On Tue, Mar 18, 2014 at 4:48 PM, Merlin Moncure <mmoncure@gmail.com> wrote:
> That alone could improve things considerably, and statistical info could be
> propagated along expressions to make it possible to model uncertainty in
> complex expressions as well.

But how would that work?  I see no solution adumbrated there :-).

I would have to tipify the SQL expression grammar for this, but I don't think it would be impossible. Most non-function expression nodes seem rather trivial. Even CASE, as long as you have a distribution for the conditional, you can derive a distribution for the whole. User defined functions would be another game, though. Correlation would have to be measured, and that can be troublesome and a weak spot of risk computation as much as it is of planning, but it could be fuzzed arbitrarily until properly computed - after all, dependency on correlation or non-correlation is a known source of risk, and accounting for it in any way is better than not.
 
Let's say you change the rowcount estimate to low/bestguess/high *and*
you only engage extra searches when there is enough disparity between
those values you still get exponentially more searches.

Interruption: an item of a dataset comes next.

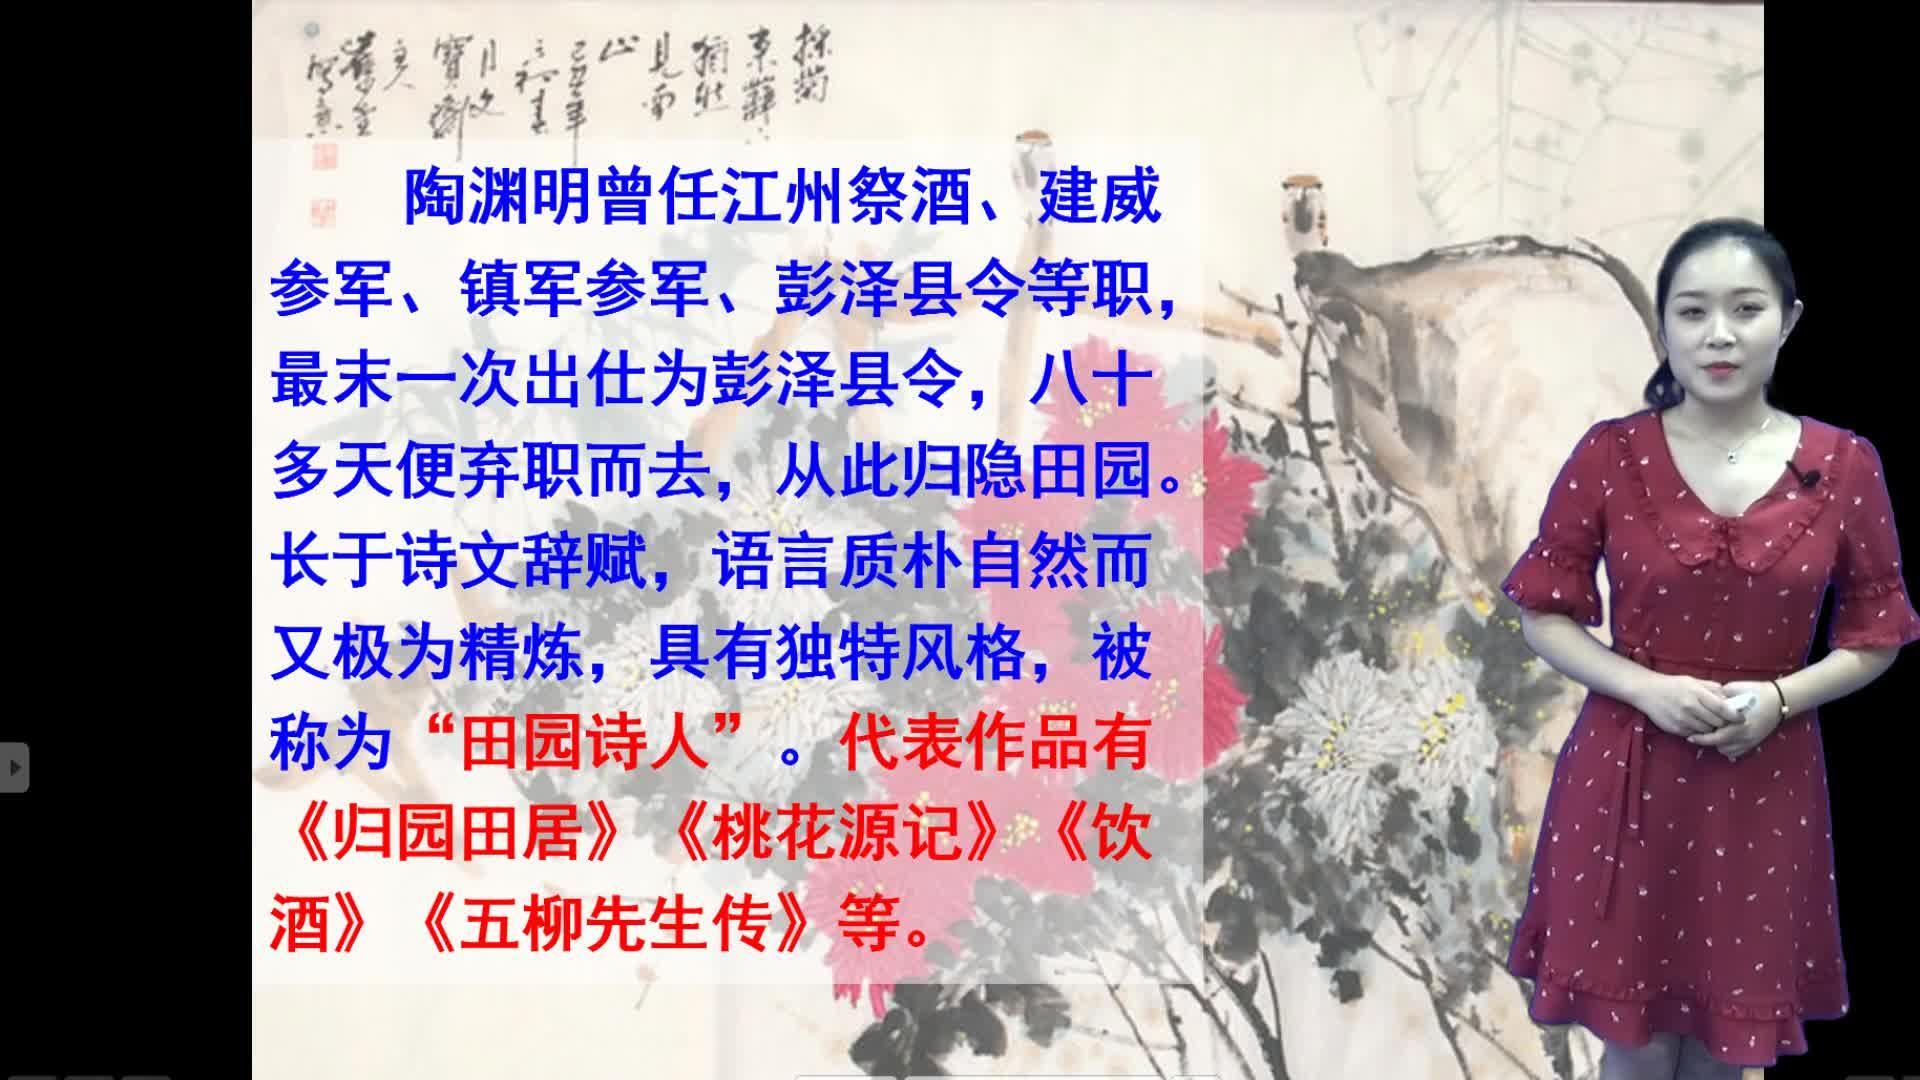 廊坊十中-人教版 八年级语文上册 第六单元 第24课《饮酒(其五)》韩瑜丛

I was under the impression the planner already did an exhaustive search for some queries. So it's just a matter of picking the best plan among those (ie: estimating cost). The case of GEQO isn't any different, except perhaps introducing a risk-decreasing transformation would be needed, unless I'm missing something.
 
 (my thinking
is that if bestguess estimated execution time is some user definable
amount faster then low/high at any node), a more skeptical plan is
introduced.   All that could end up being pessimal to the general case
though.

I think the cost estimate would be replaced by a distribution (simplified perhaps into an array of moments, or whatever is easily manipulated in the face of complex expressions). What the user would pick, is a sampling method of said distribution. Then, plans get measured by the user's stick (say: arithmetic mean, median, 90th percentile, etc). The arithmetic mean would I guess be the default, and that ought to be roughly equivalent to the planner's current behavior.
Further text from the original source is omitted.